Uma figura improvável esteve na passada segunda-feira perante uma plateia de socialistas a apresentar o livro de Pedro Adão e Silva e Mariana Trigo Pereira “Cuidar do Futuro – Os mitos do Estado social português”. Essa figura era Manuela Ferreira Leite. Na sua intervenção, a antiga líder do PSD não poupou o governo, falando de uma “quebra de confiança” dos cidadãos.
Enquanto ministra das Finanças de Durão Barroso, Ferreira Leite foi acusada de viver obcecada com os valores do défice, ao ponto de o Presidente Jorge Sampaio dizer, numa célebre frase, “há vida para além do défice”. Na altura, a ministra chegou a afirmar: “Nós tomaremos todas as medidas que forem necessárias para que esse objectivo [redução do défice] seja cumprido.”
Porém, hoje que o governo parece cumprir o tipo de política que a antiga ministra das Finanças defendia, Ferreira Leite não perde uma oportunidade para mandar alfinetadas ao governo laranja… O que a motiva?
Há quem acredite que, ao criticar o executivo de Passos Coelho, Ferreira Leite só tem mostrado a sua imparcialidade.

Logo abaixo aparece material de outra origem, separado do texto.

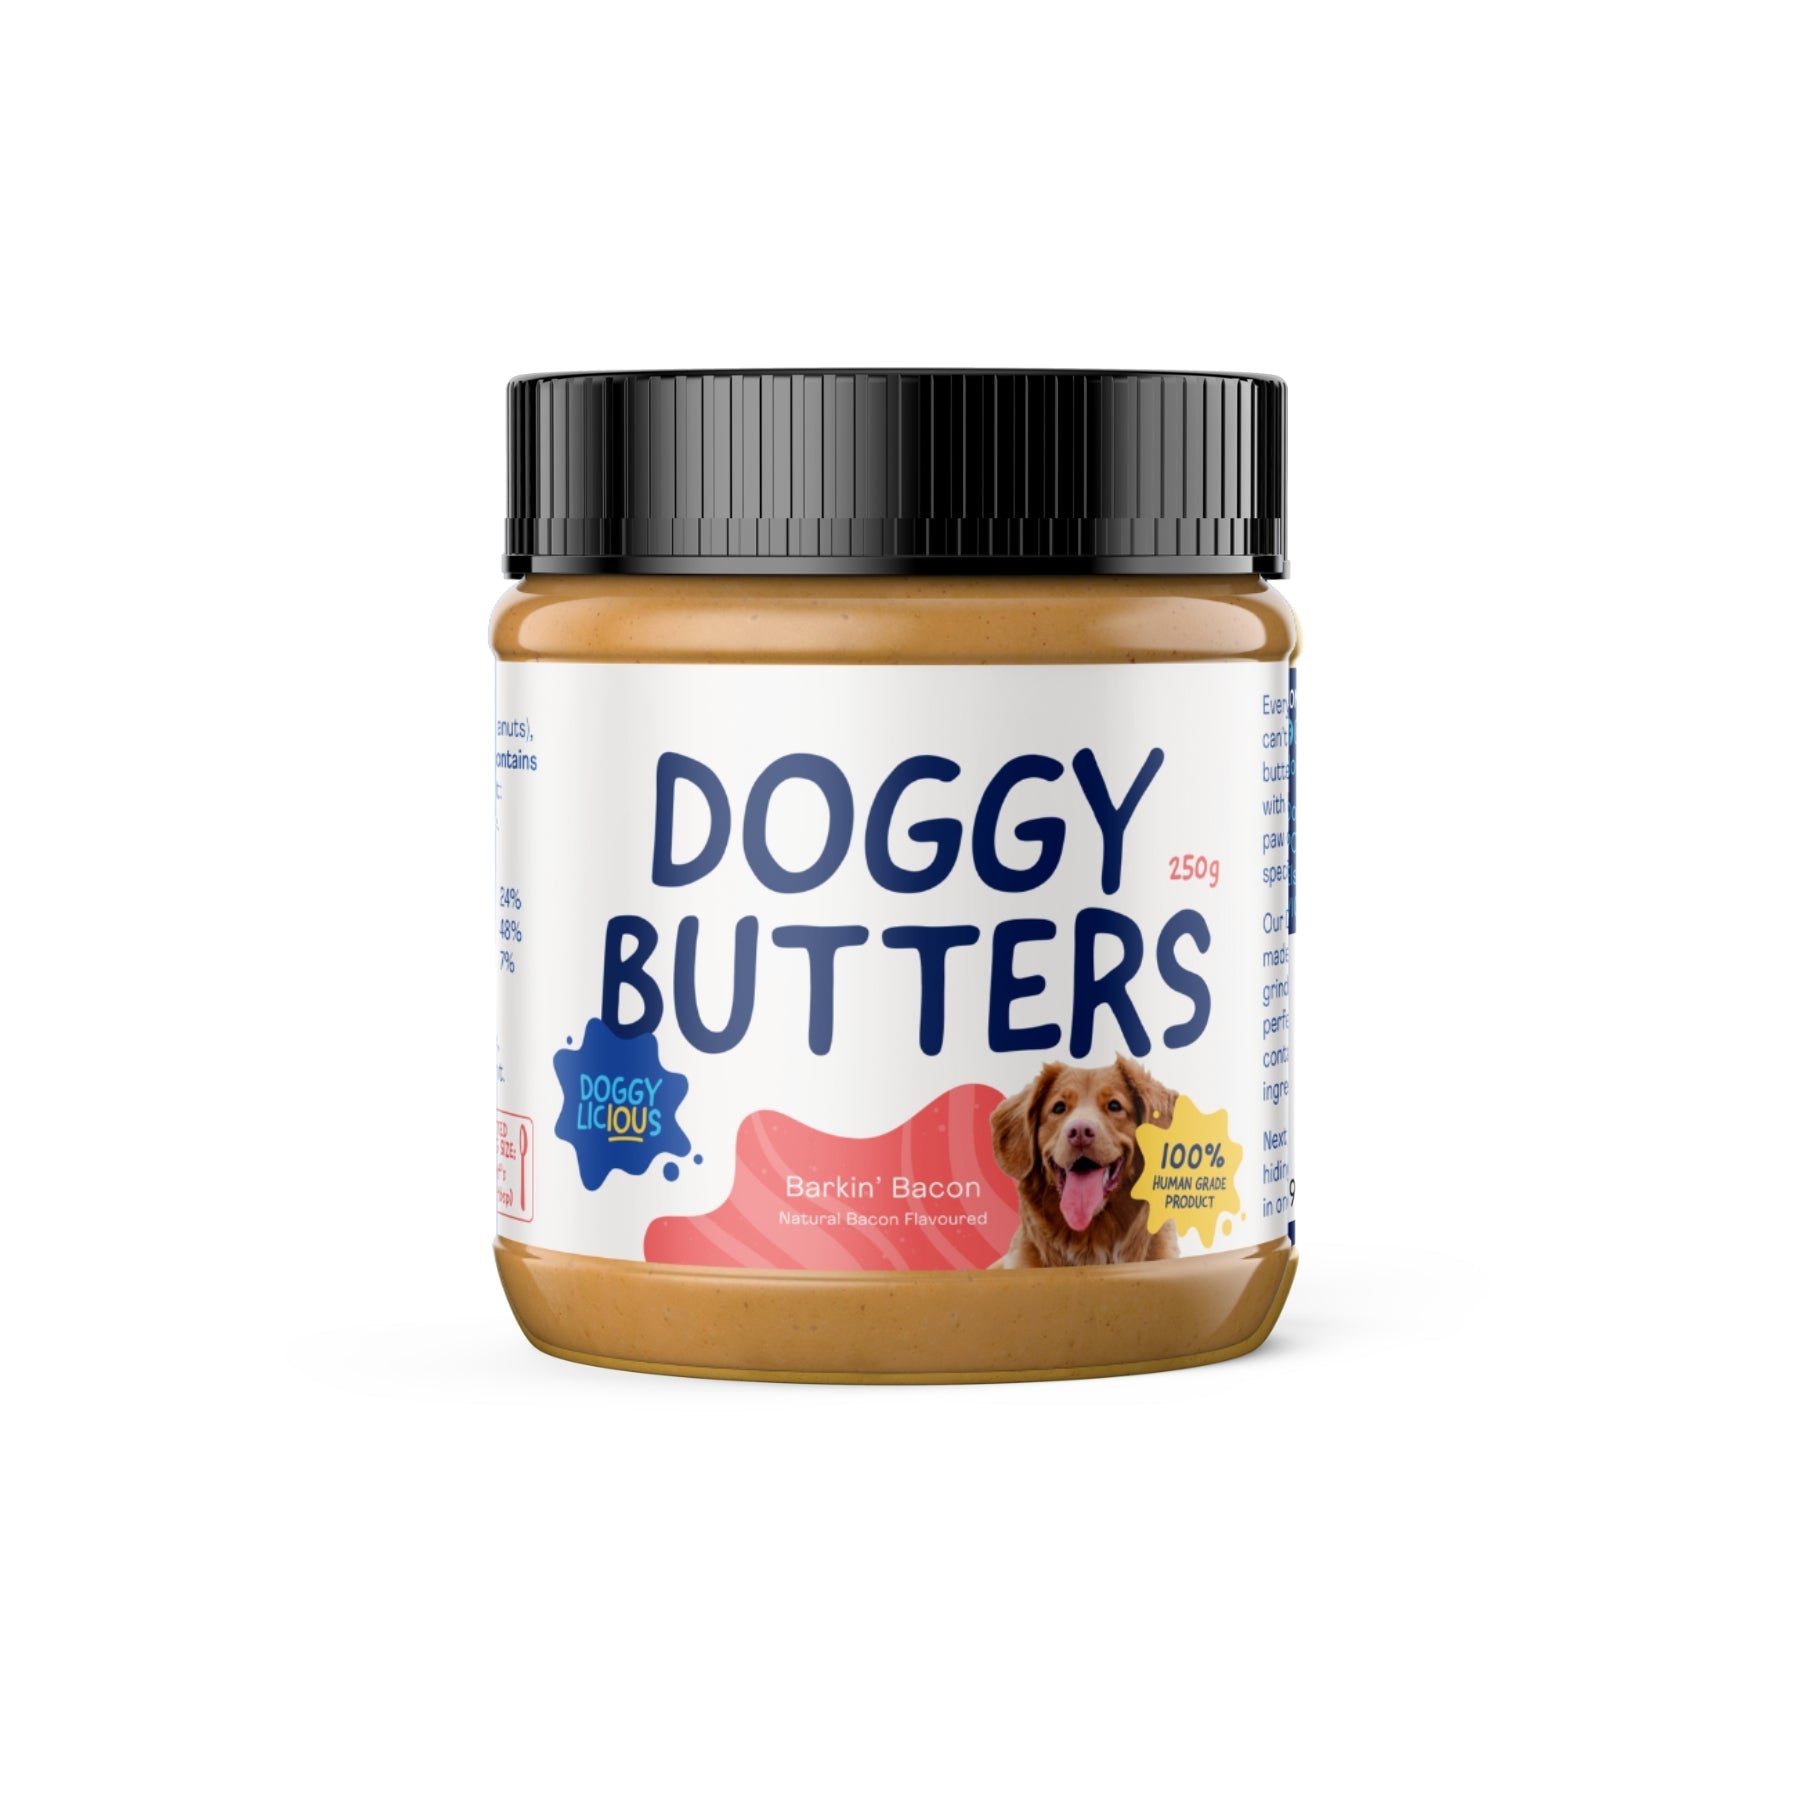 Poochie Butter Dog Lick Mat

Outros, menos benevolentes, acham que se trata de uma vingança pelos cortes no valor da sua pensão. Penso que há uma terceira explicação para isso (e que, de resto, não exclui por completo as anteriores): a dama-de-ferro do PSD não consegue perdoar ao homem que a substituiu na liderança do partido.

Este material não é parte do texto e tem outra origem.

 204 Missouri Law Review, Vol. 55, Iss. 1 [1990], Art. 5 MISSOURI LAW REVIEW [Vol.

Pode uma figura destacada dos sociais-democratas dar a sua opinião? Claro que pode. Não tem direito a criticar o seu partido? Com certeza que tem (e ainda bem que dispõe de liberdade para isso). Mas num momento em que se joga o tudo ou nada na campanha para as legislativas, não deixa de ser estranho ver Ferreira Leite mais próxima dos socialistas que do seu partido. Tão estranho que se torna legítimo questionarmo-nos de que lado está realmente. E quais os seus motivos.